Lille takes a risk, but not a blind one
On paper, the move is risky. Davide Ancelotti is still young, still short on experience as a number one, and he is walking into a club where the standards are high. But this is not a random roll of the dice. LOSC have not plucked some unknown from a basement lab. They have hired a coach shaped at the highest level, used to working with stars, exposed to several tactical cultures and carrying a solid reputation for professionalism.
What is missing is the proof.
The proof that he can land his ideas. The proof that he can handle a full season. The proof that he can exist as his own man, not just as Carlo’s son. Most of all, the proof that he can be Davide Ancelotti, LOSC manager, and not simply the man from a famous football family sitting on a Ligue 1 bench.
A summer to make his mark
His first job will matter. The transfer window, the pre-season work, the message to the squad, the early tactical calls: all of it will be watched closely. Lille already have a strong base, but a new manager always shifts the balance in a dressing room.
Will he carry on the technical legacy left by Fonseca and Genesio? Will he go more pragmatic, shaped by the years alongside his father? Will he lean on youth, control, direct running? The first few weeks will set the tone.
At Lille, nobody will expect him to be a copy of Carlo. They will mainly want the team to stay competitive, ambitious and true to what has made it strong in recent seasons.
LOSC opens a chapter that is as exciting as it is uncertain
Davide Ancelotti arrives with a huge name, but it will be his work that decides the rest.
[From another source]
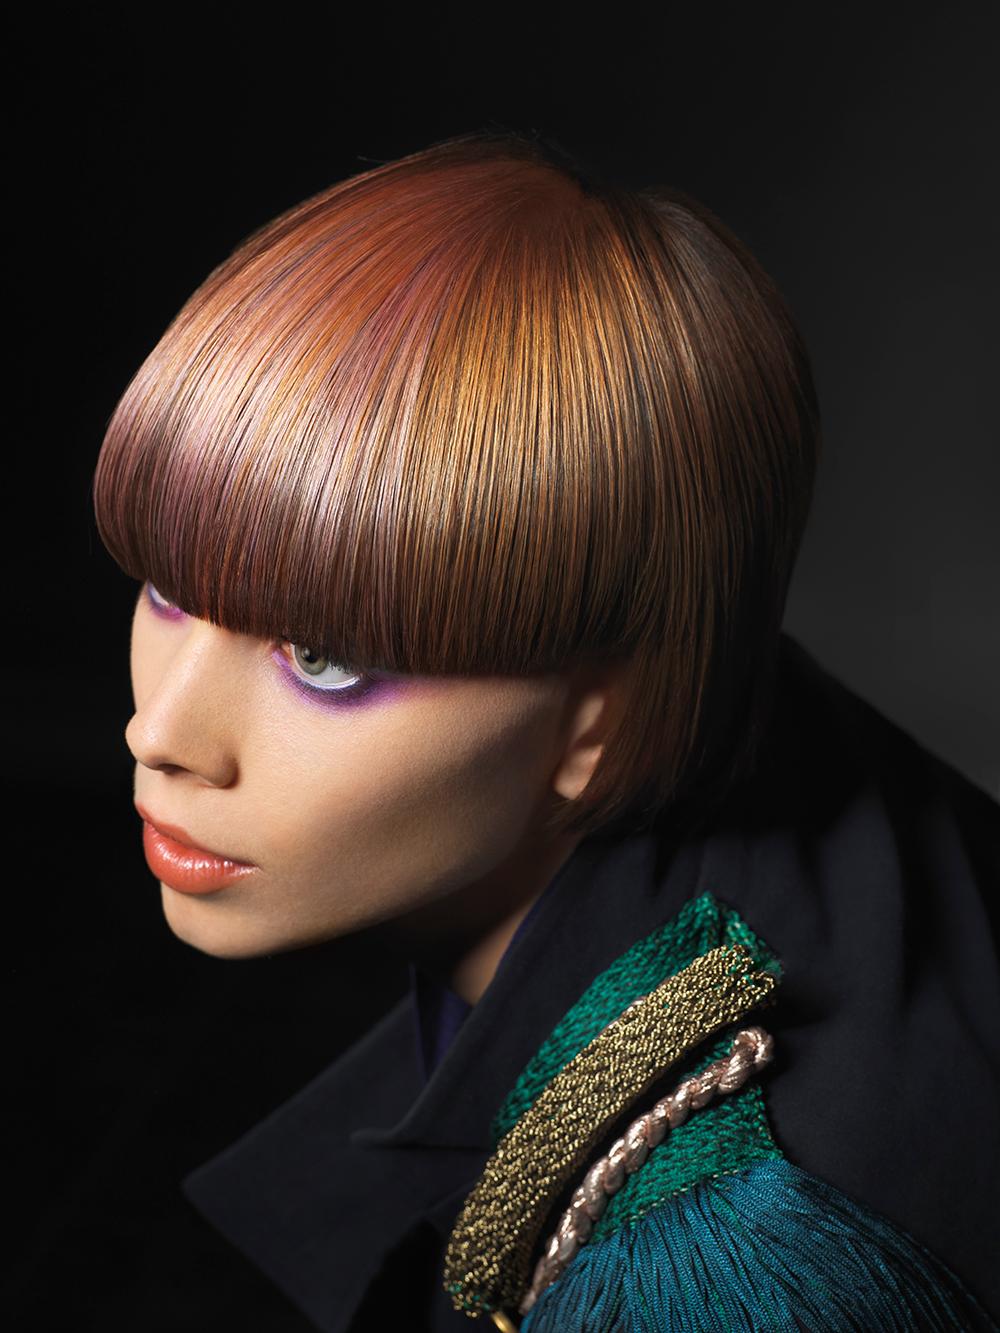 Hair Retouch 4 by Ashish-Arora on DeviantArt

LOSC have handed him a rare launchpad: a well-run club, a European project, a squad capable of competing at the top end in France, and a big enough stage to earn respect.
Now he no longer has the comfort of the shadows.
At 36, the Italian is about to find out what it means to be judged every weekend, measured every match night and compared, almost inevitably, with a family legend. That is heavy. But it is also exactly the kind of challenge that can kick-start a career.
Lille have gone bold.
Now it is down to Davide Ancelotti to turn the gamble into the obvious call.